It's quite clear that if one IP pkt is encapsulated alone in one L2 frame, 
then the above is the only reasonable thing to do. However, if a L2 frame 
encapsulates more than one IP packet and there is a mix of non-ECT IP 
packets and ECT IP packets (i.e., several competing flows), it's not 
quite clear that the L2 should not apply ECN to such a L2 frame.

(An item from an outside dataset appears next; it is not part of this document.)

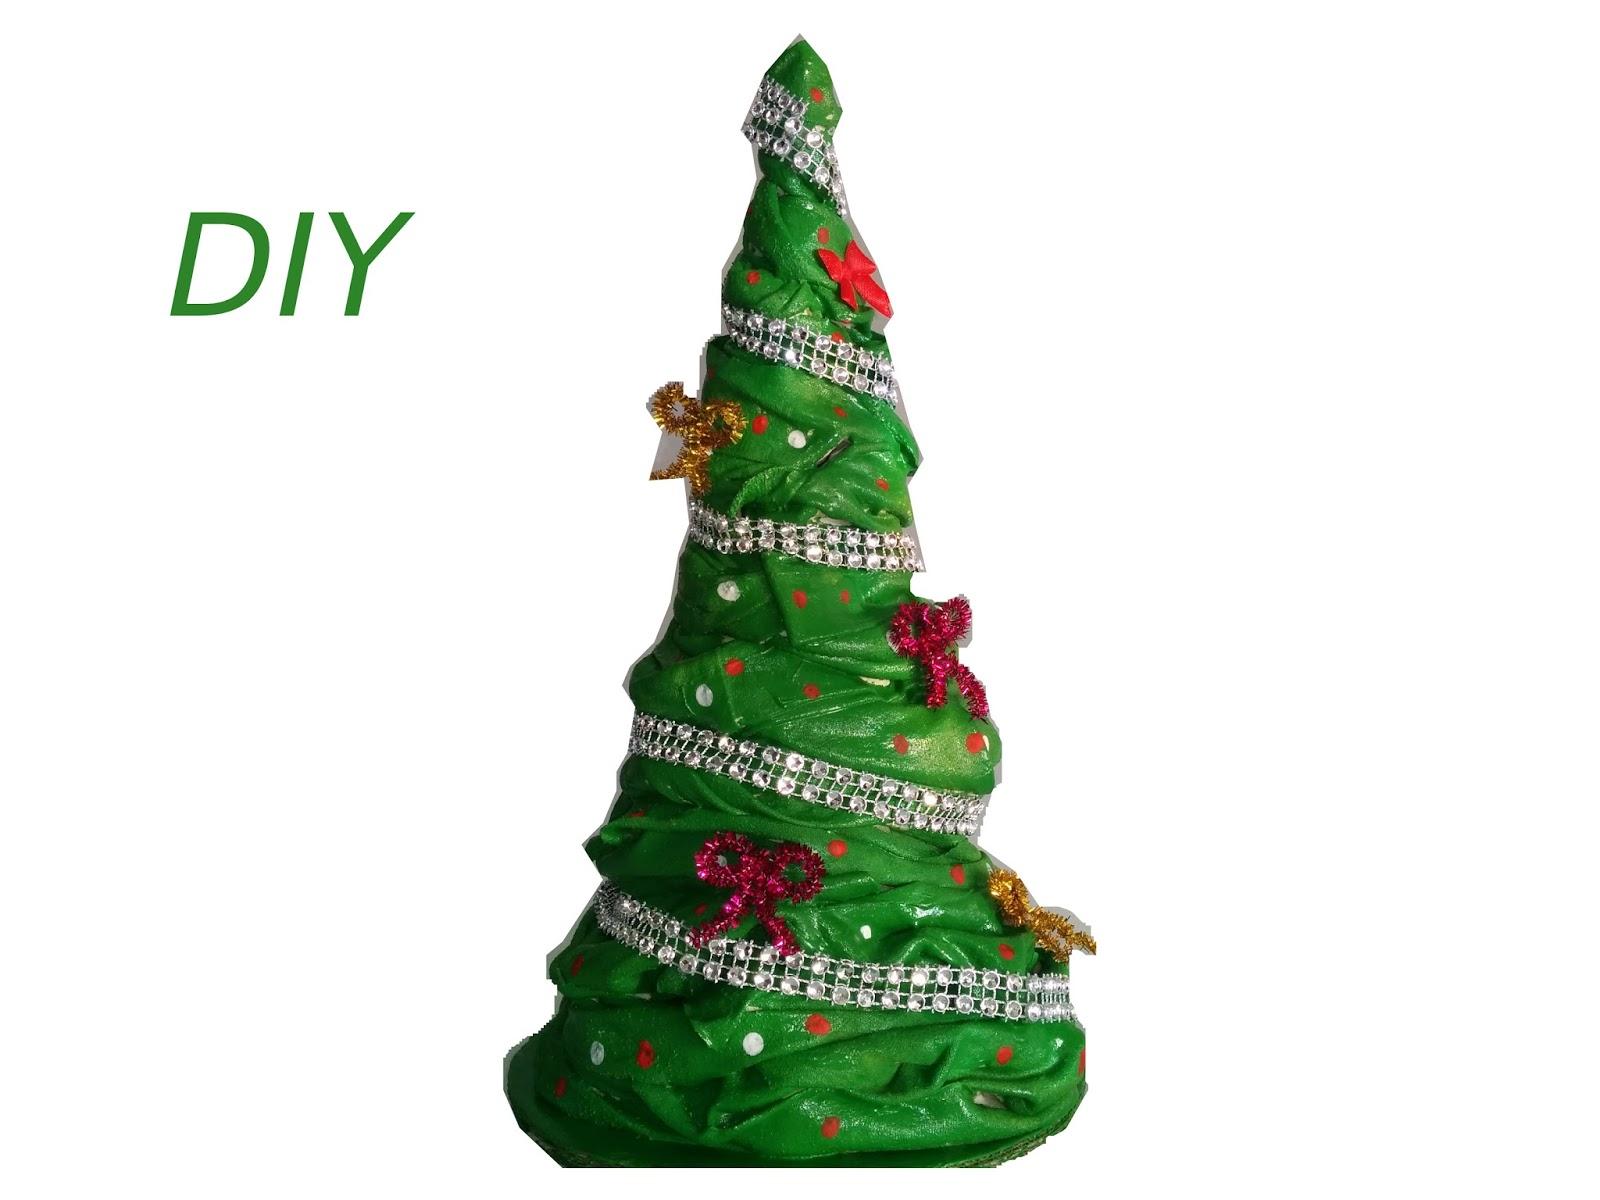 Manualidades con mis manitas arbol navide o echo con tela - Arbol de navidad de tela ...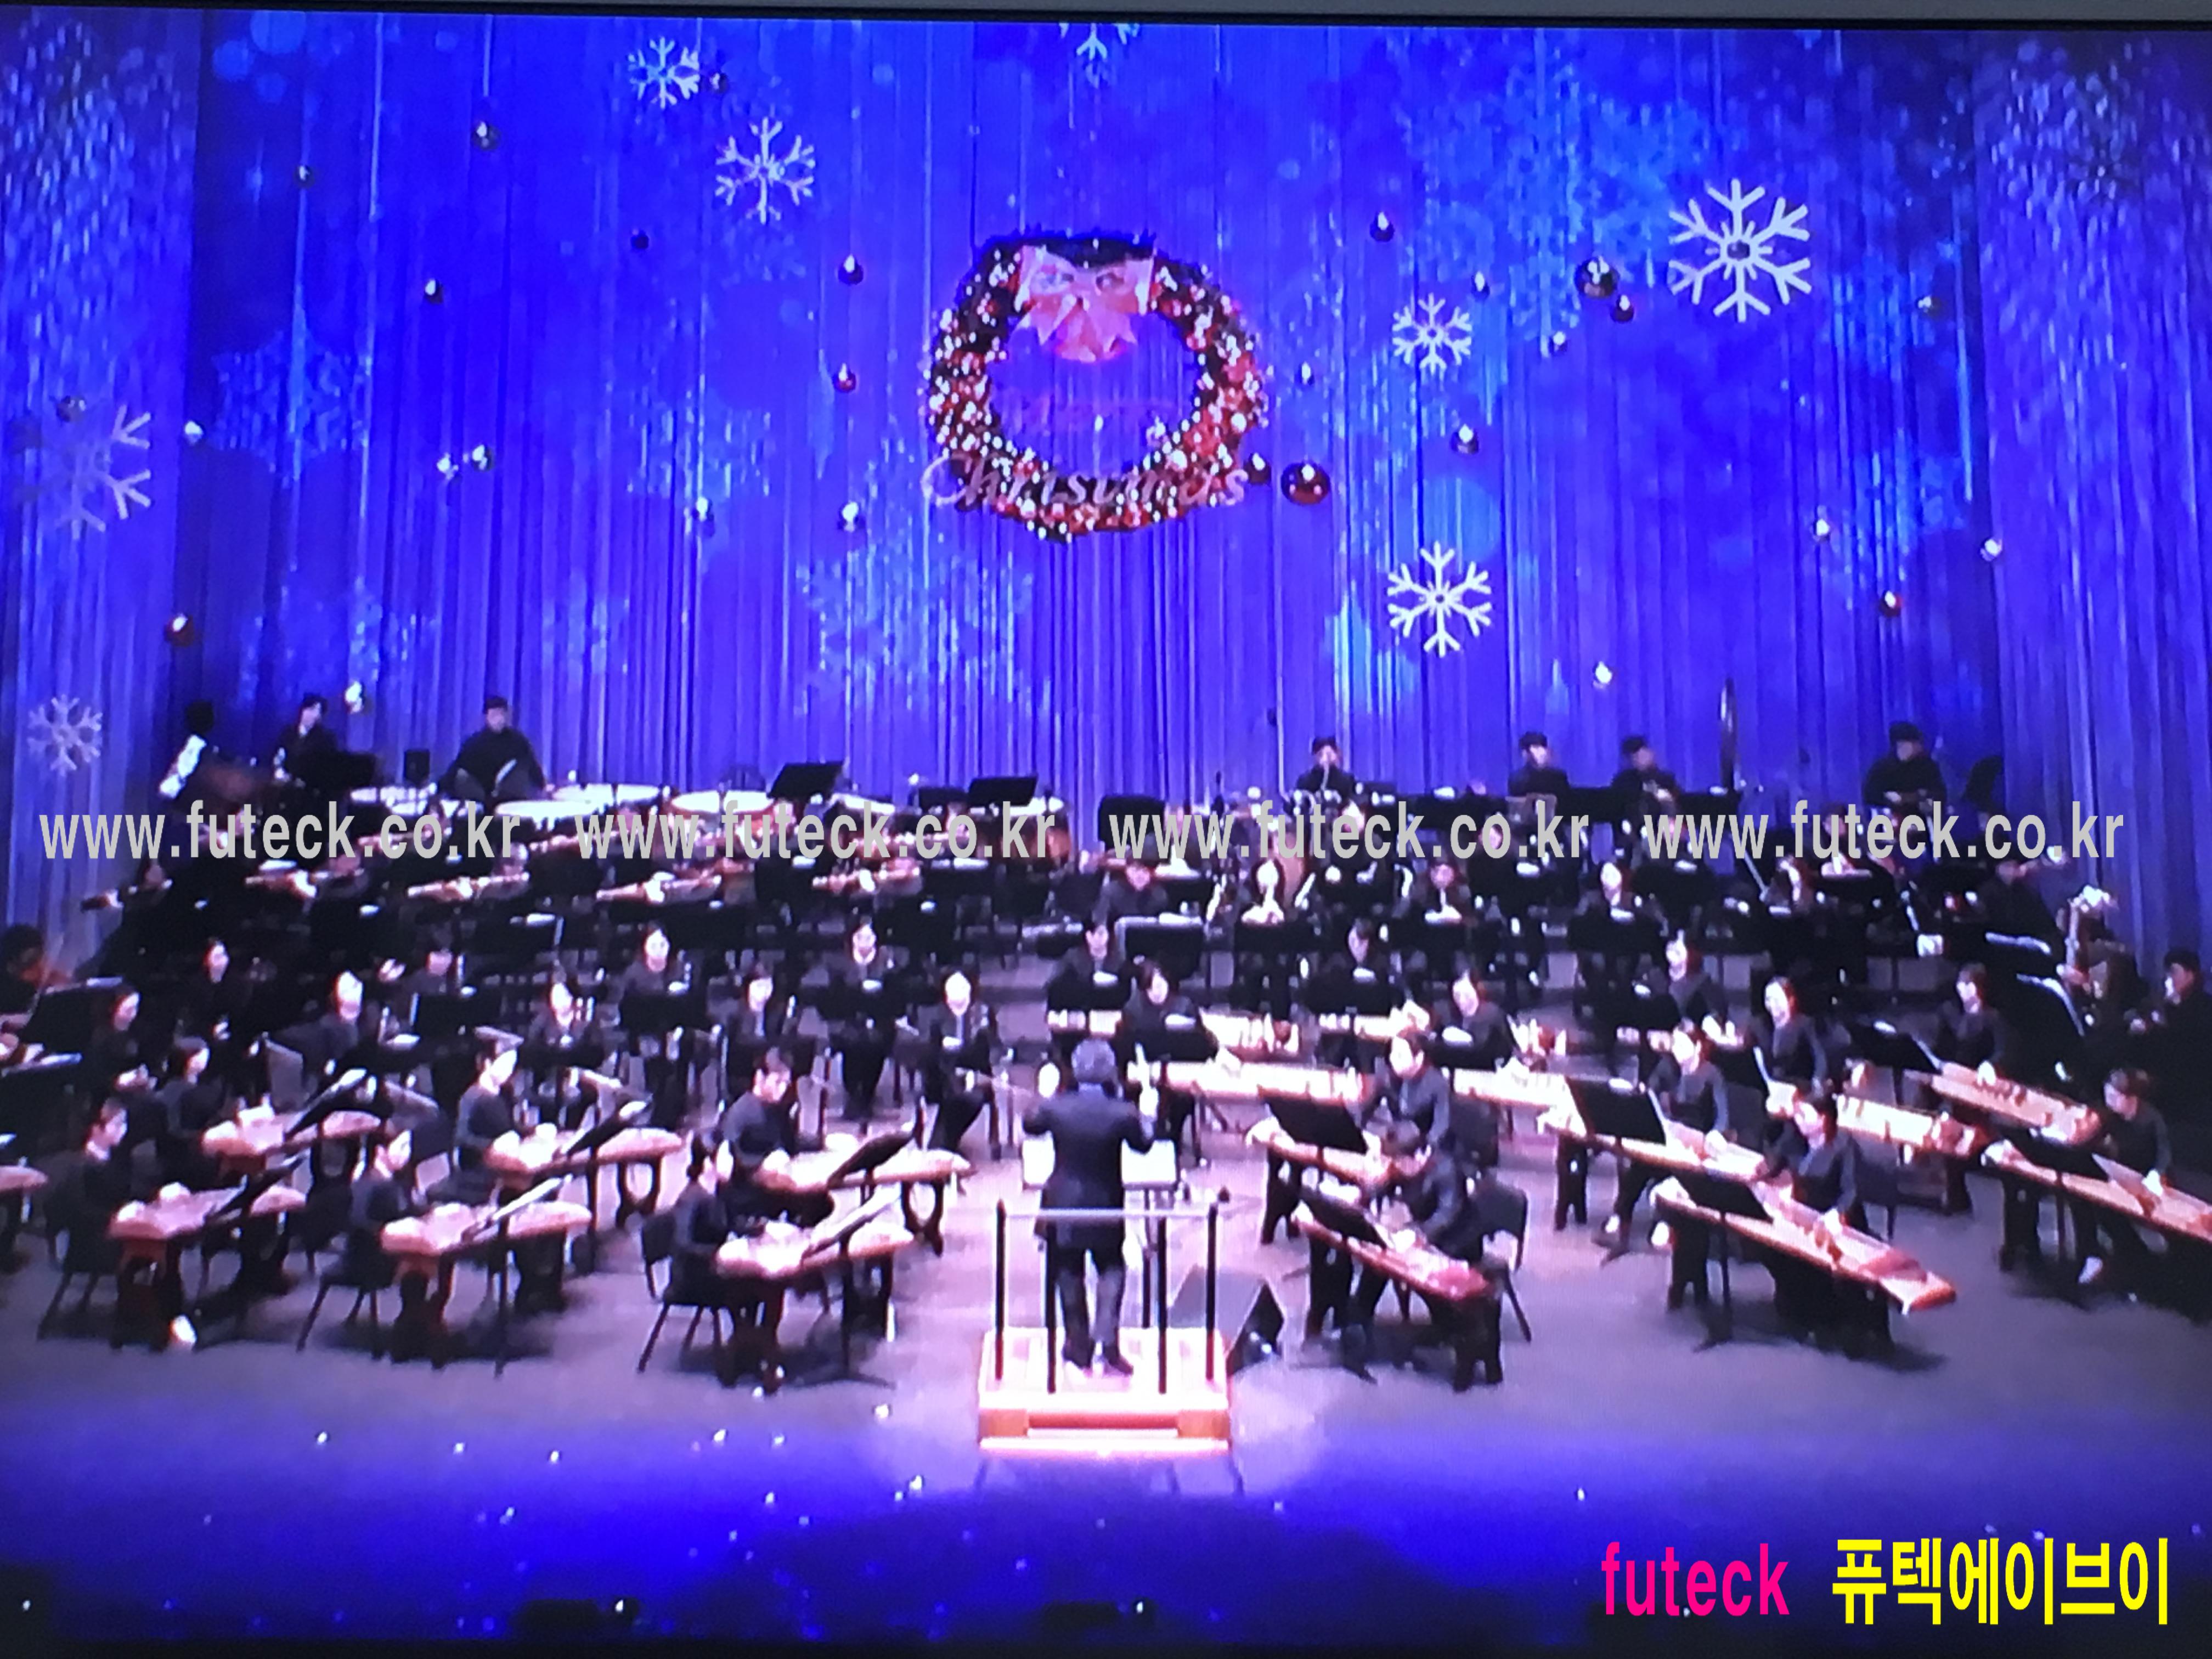 대전 연정국악원 작은마당 - 영상렌탈 3.png

For example, assume there is just one (tiny) non-ECT IP packet and 
several ECT packets encapsulated in a large L2 frame that gets hit by an 
AQM at L2. If the L2 frame is considered as Not-ECN-PDU according the 
item 1 above even though the egress of the subnet is capable of 
propagating congestion notifications, the L2 would drop the frame and all 
encapsulated IP packets instead of marking the frame and forwarding the 
encapsulated ECT IP packets and dropping just the non-ECT IP packet. 
The operation according to the above Item 1 in the draft would be simple 
and straightforward to implement but IMO it would be reasonable to avoid 
unnecessary drops.

Then again the question to answer would be which of the packets to 
mark/drop? But, maybe I am missing some aspects?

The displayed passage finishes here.